**INSTRUCTIONS TO FOLLOW**. Type out the listing below exactly. Pictures stay out of it.

**SOURCE MATERIAL**.
------

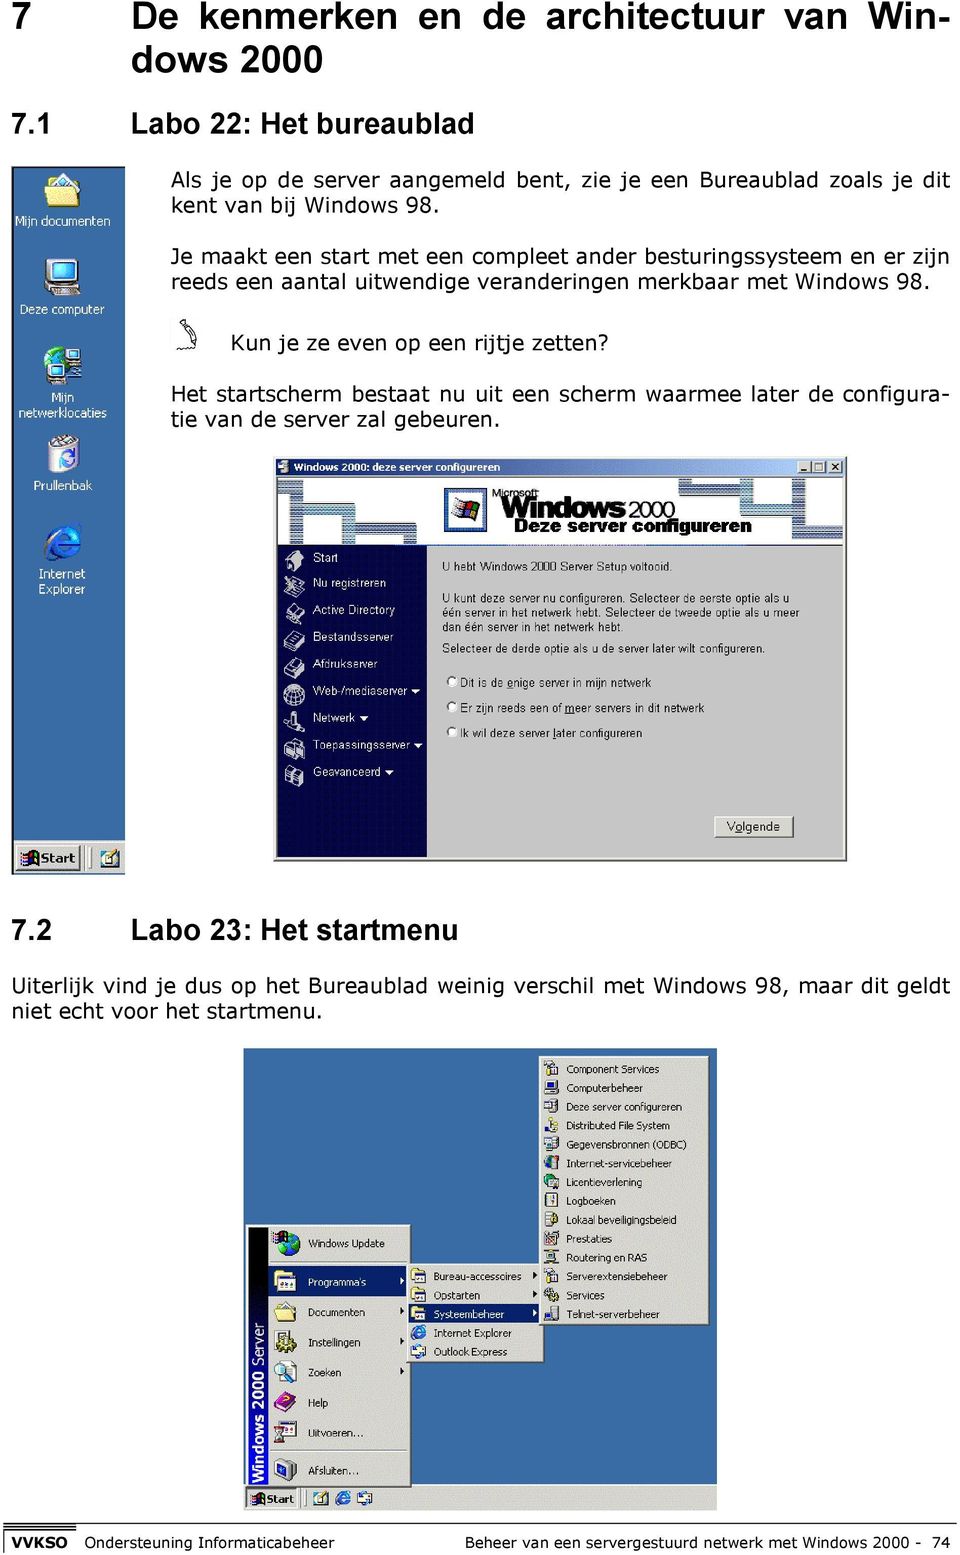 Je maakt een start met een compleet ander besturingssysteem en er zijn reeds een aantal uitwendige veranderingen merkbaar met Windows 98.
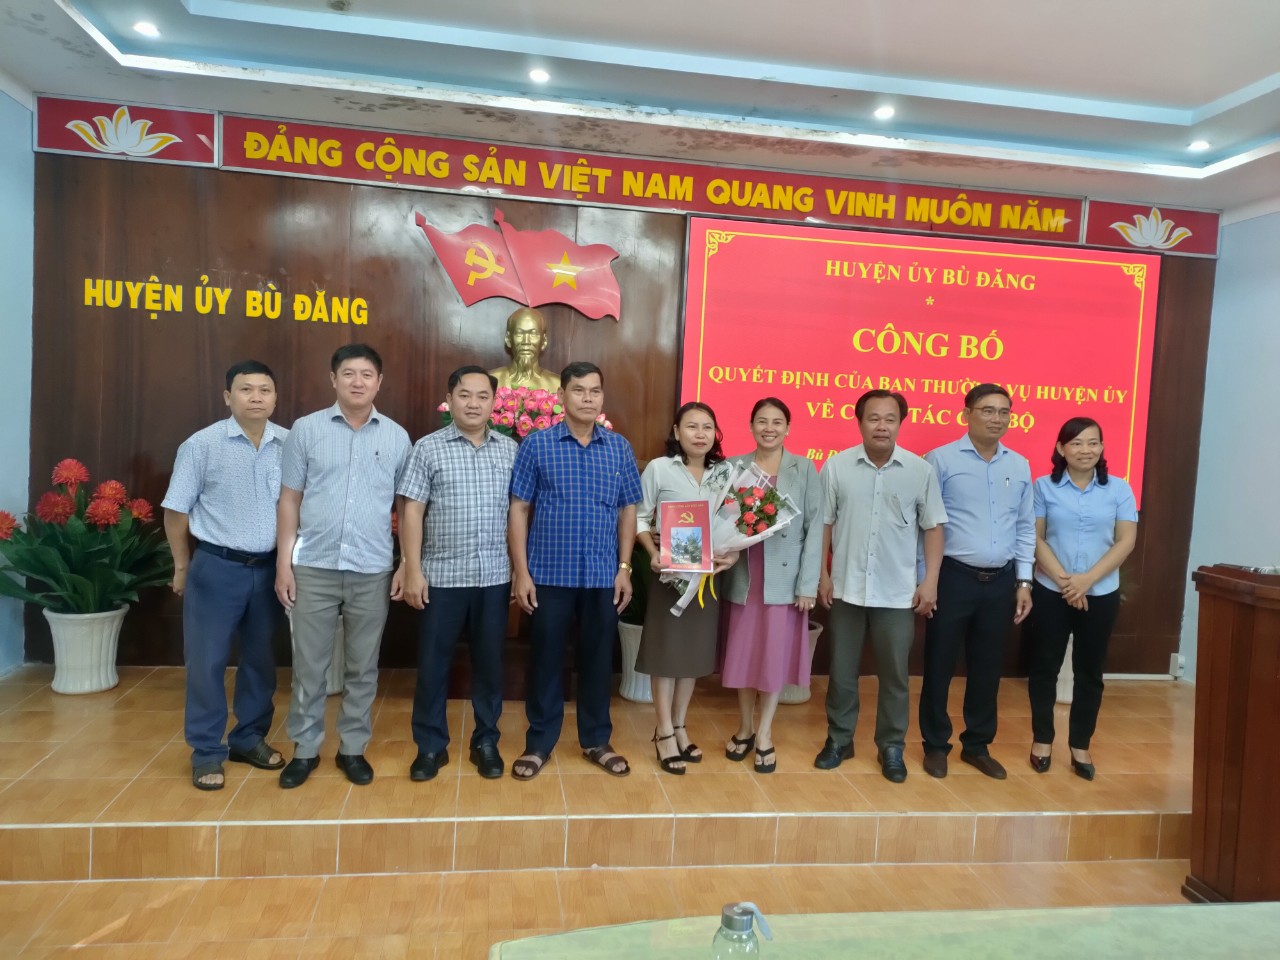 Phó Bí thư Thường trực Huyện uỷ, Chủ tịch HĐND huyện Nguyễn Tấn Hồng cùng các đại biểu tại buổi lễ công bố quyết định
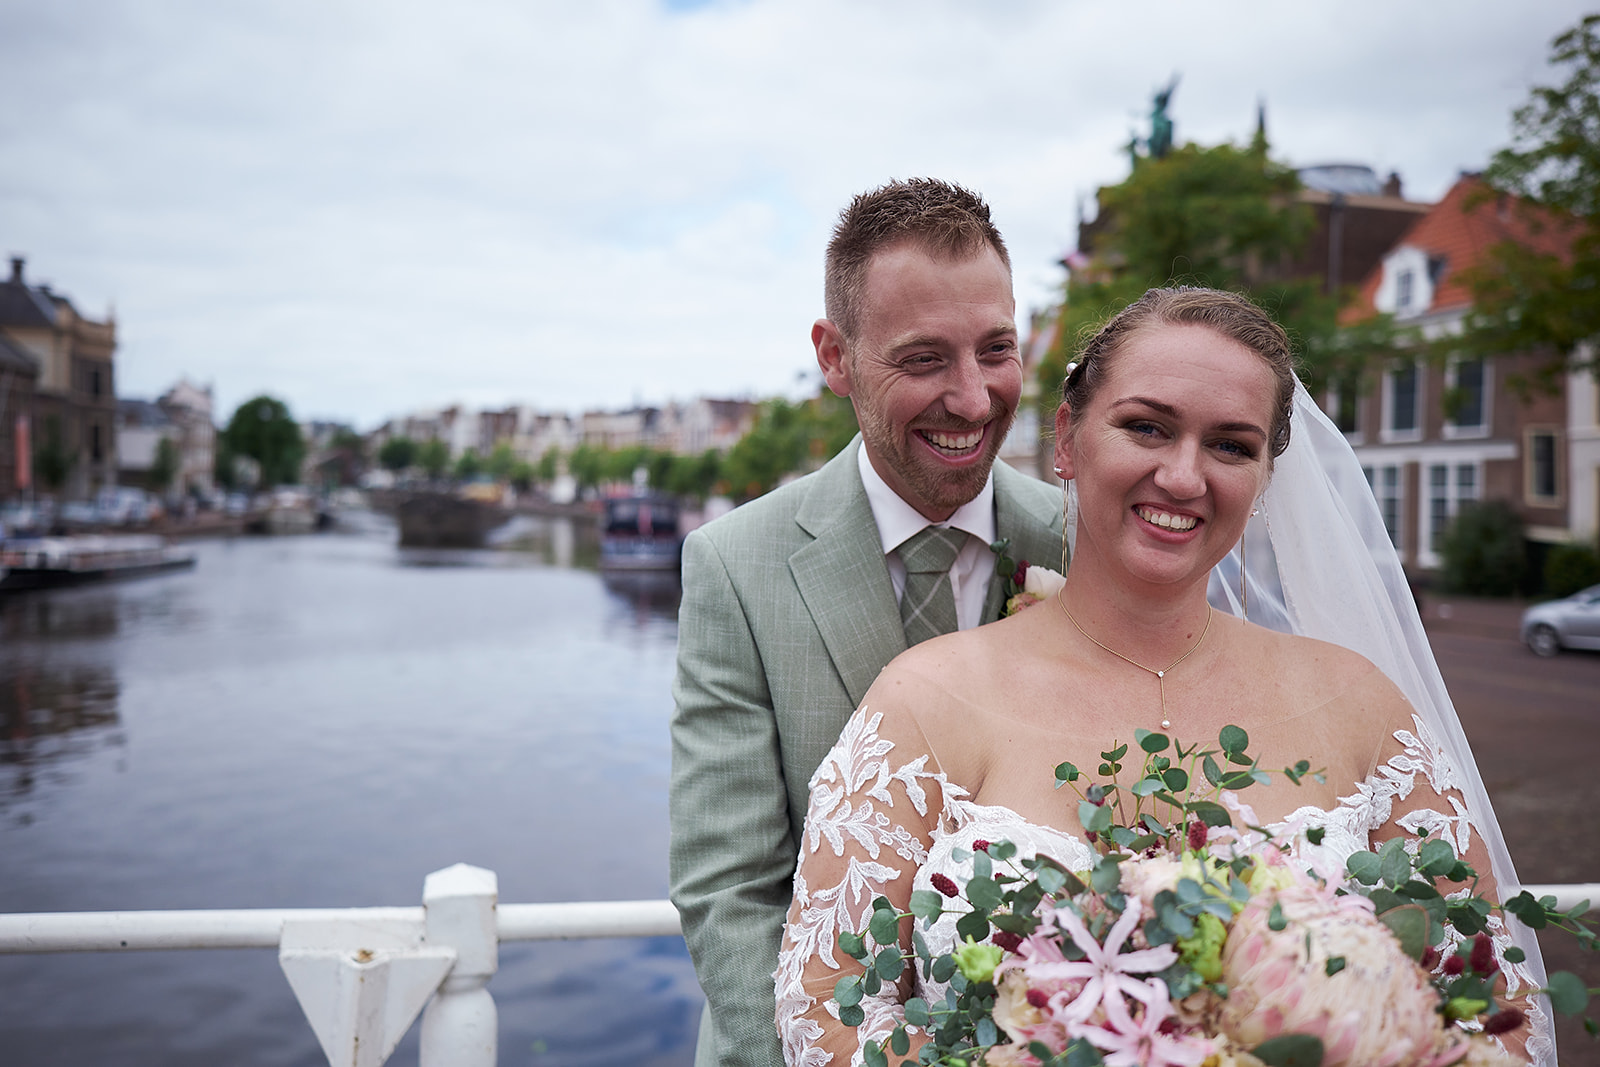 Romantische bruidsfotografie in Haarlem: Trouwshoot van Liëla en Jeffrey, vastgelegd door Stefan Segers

------

**SOLVED PROBLEM**.
 Je maakt een start met een compleet ander besturingssysteem en er zijn reeds een aantal uitwendige veranderingen merkbaar met Windows 98.
 Phó Bí thư Thường trực Huyện uỷ, Chủ tịch HĐND huyện Nguyễn Tấn Hồng cùng các đại biểu tại buổi lễ công bố quyết định
 Romantische bruidsfotografie in Haarlem: Trouwshoot van Liëla en Jeffrey, vastgelegd door Stefan Segers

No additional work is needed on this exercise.